The Ba’athists are trying to throw off the "radical" reputation which they have earned in the West, and trying to present themselves as a bastion of stability and moderation, friendly with Saudi Arabia, Europe and (surreptitiously) the United States. But as Western countries - Britain, Germany and above all France - respond to their overtures, it is difficult to hide the intrinsic vulnerability of the regime.

It stems mainly from three sources - the Communists, the Kurds and the Shi’ites. The Iraqi Communist Party has now all but declared open war on its former allies. It has withdrawn from the Ba’athist led National Front and called on all opposition forces to join it in a new front, the main aims of which would be the establishment of "democratic freedoms" in the country - and "self-rule" for the Kurdish minority in the North.

Party cadres have fled the country, but many of the Kurds among them have now joined the guerrilla campaign in the North. "The Ba’athists have left us little choice," explained an exiled leader. "Either we are liquidated in the towns or we fight in the mountains."

The Communists’ military role is much less important than their political and moral one. They endeavoured to preserve their special relationship with the Ba’athists, maintaining it even during the last Kurdish uprising. That they have been obliged, despite Soviet reservations, to go into outright opposition will generate unrest everywhere.

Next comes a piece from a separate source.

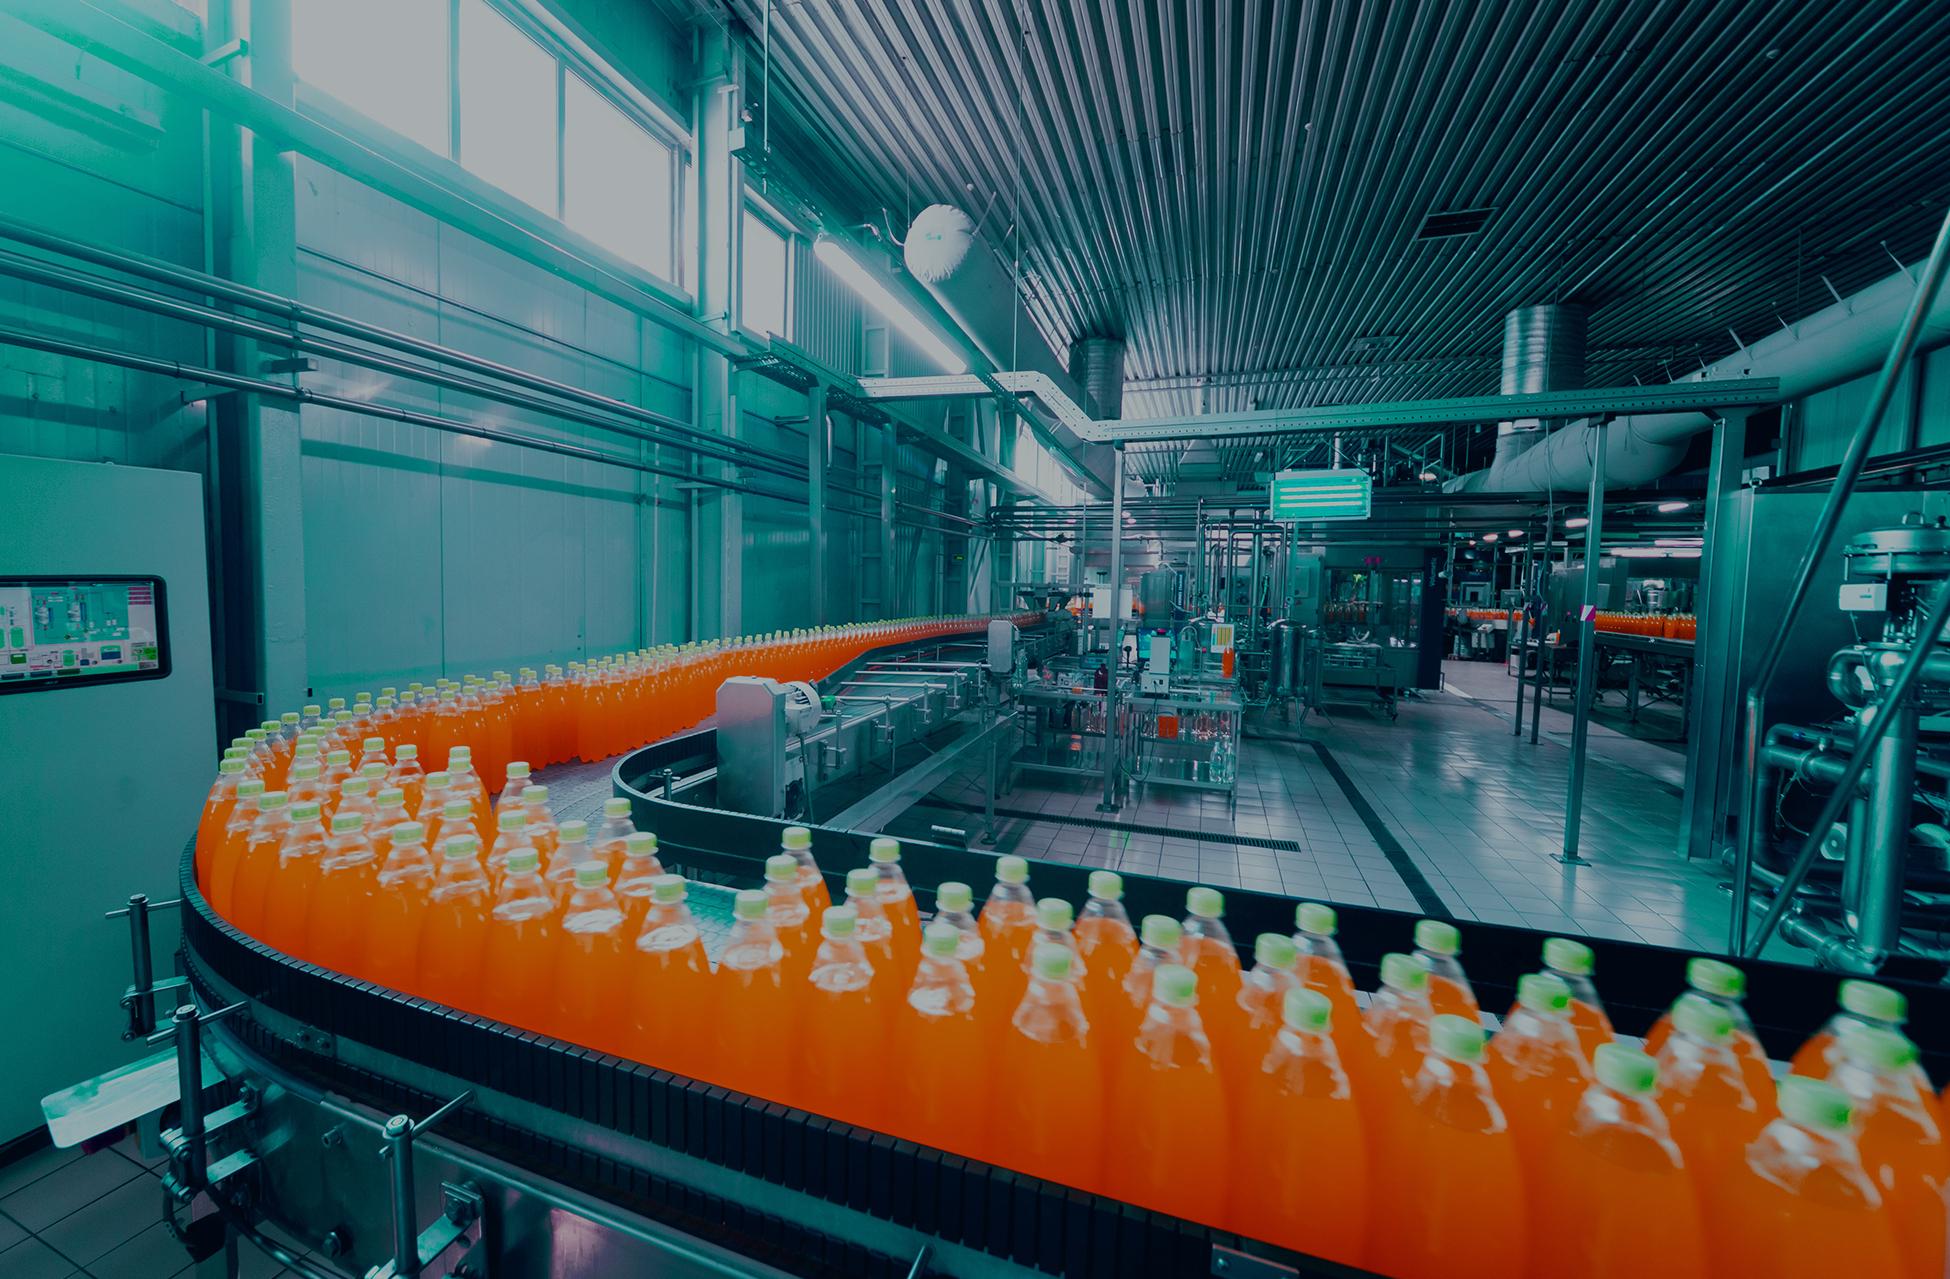 Fud-tech production line

The Kurdish Suerya campaign appears to be gaining momentum. The newly elected leader of the Kurdish Democratic Party, Mr Masud Barazani, the son of the late, legendary leader Mustafa Barazani - was reported last week to have hundreds of his followers across the Iranian frontier into mountains of northern Iraq.

Lesser Kurdish groups, rivals of the Barazanis, are also active in the North, amid signs of attempts at a general co-ordination of the military struggle.

The other great, post-Khomeini threat, from the Shi’ites of the South, shows no sign of abating. There are frequent demonstrations in the holy cities of Najaf and Kerbala, as well as Kazimain, near Baghdad.

What the Ba’athist regime most fears is that Kurds and Shi’ites will join forces in an organised way. In the last Kurdish uprising, the heavy casualties which the Army suffered failed to encourage a Shi’ite revolt. After Khomeini, the chances of combined aggression are much greater.